The maximal decrease in total CYP2A13 mRNA level resulting from the essential loss of expression of the 7520G-containing allele in heterozygous individuals would be ∼50%. However, the impact of such a decrease on total CYP2A13 mRNA levels in heterozygotes will be difficult to determine, because the expression of both 7520G and 7520C alleles are likely subject to additional influences by numerous trans-acting factors, such as medical history and environmental exposures, and genetic polymorphisms in the proteins that regulate the expression of CYP2A13 in the respiratory tract. Indeed, total CYP2A13 mRNA levels varied by >100-fold in both 7520C/C and 7520C/G groups. Therefore, the functional impact of the 7520G-containing haplotypes will be variable in heterozygotes.

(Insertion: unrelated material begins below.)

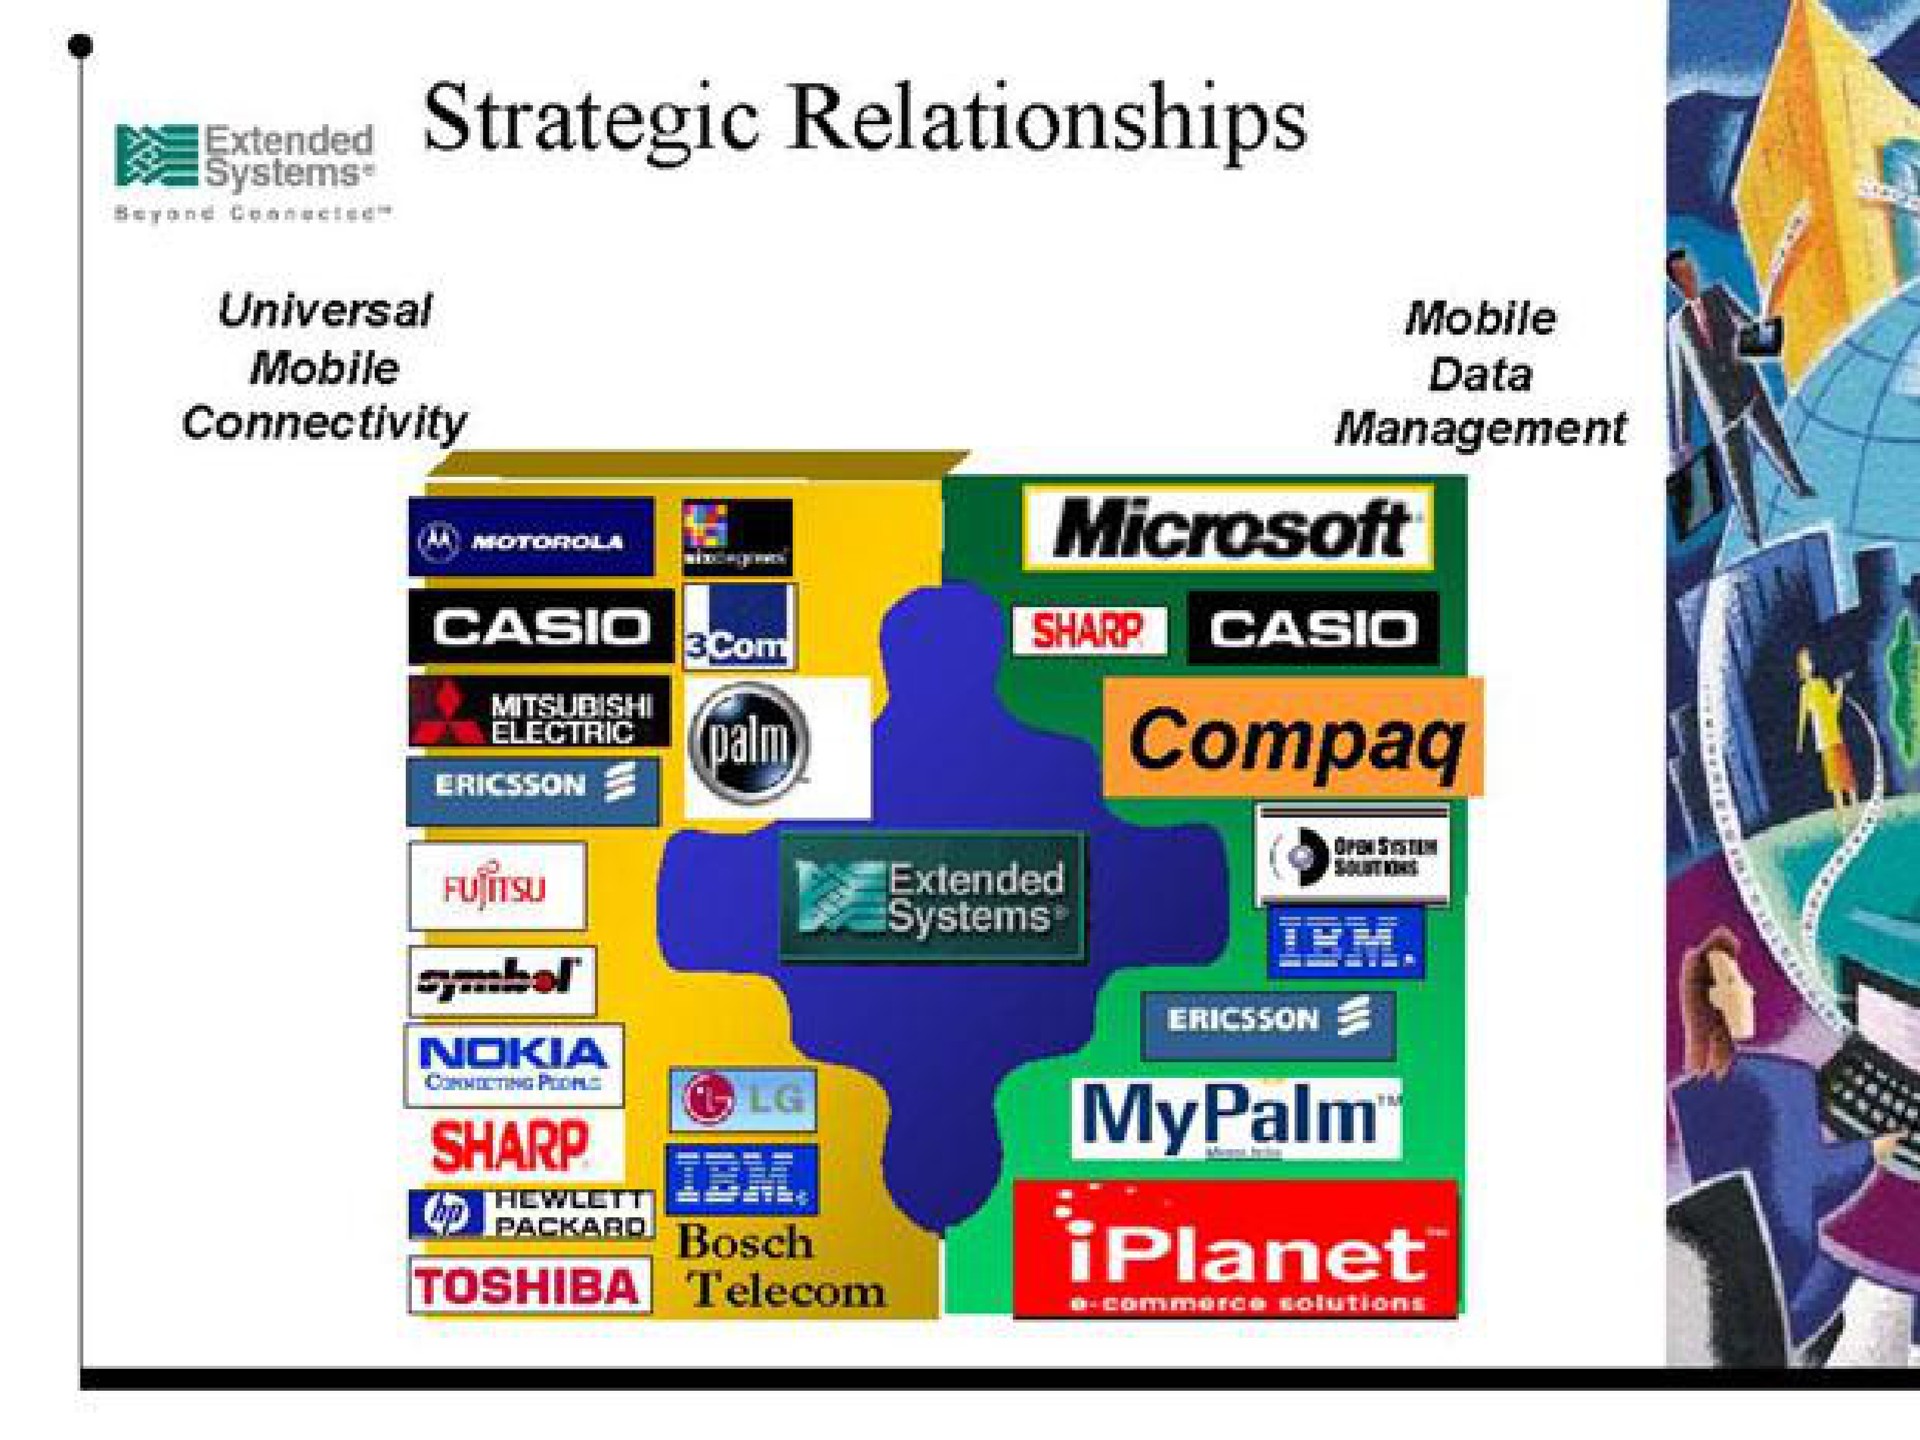 pew strategic relationships | Extended Systems

The mechanisms underlying the association of the 7520C > G variation and decreased CYP2A13 expression remain to be determined. It is not clear whether the 7520C > G variation is responsible for the low transcript abundance of the variant allele, or whether it is only a marker variation. Analyses of the SNP distribution among the 16 samples heterozygous for the 7520C > G SNP seem to rule out all other known SNPs, except 1757A > G, in the coding, intronic, and 5′-flanking regions (up to -2 kilobases) as the common cause of low expression of the 7520G-containing allele in all samples examined. It will be helpful to learn whether the 7520C > G variation, which is located in the 3′-UTR, plays a role in the regulation of CYP2A13 mRNA stability. SNPs in the 3′-UTR of the human glycoprotein PC-1 gene (Frittitta et al., 2001), and a variant in the 3′-UTR of the human protein tyrosine phosphatase 1B gene (Di Paola et al., 2002), have been found to modify mRNA stability of the corresponding genes. It will also be interesting to determine whether the 1757A > G variation, which is located in intron 3, affects RNA splicing, or whether the low-expression phenotype is associated with a decreased rate of CYP2A13 transcription. Numerous instances have been reported in which SNPs affect splicing of a P450 transcript, such as the cases found for CYP1A2 (Allorge et al., 2003), CYP2C19 (de Morais et al., 1994; Ibeanu et al., 1999), and CYP3A5 (Kuehl et al., 2001), although the CYP2A13 1757A > G SNP does not occur at a known splicing site. Several examples have also been reported where SNPs in the promoter or enhancer region affect CYP expression, such as the cases found for CYP1A2 (Nakajima et al., 1999; Sachse et al., 1999; Aklillu et al., 2003), CYP2A6 (Pitarque et al., 2001, 2004; Kiyotani et al., 2003), and CYP2B6 (Lamba et al., 2003). Finally, it will be interesting to determine whether the low-expression phenotype of the CYP2A13 7520G-containing allele also occurs in the olfactory mucosa, where CYP2A13 is expressed at much higher levels than in the lung (Su et al., 2000). Significant interindividual differences in the level of CYP2A proteins have been observed in microsomes from fetal nasal mucosa (Gu et al., 2000), consistent with potential involvement of genetic polymorphisms that affect CYP2A13 expression.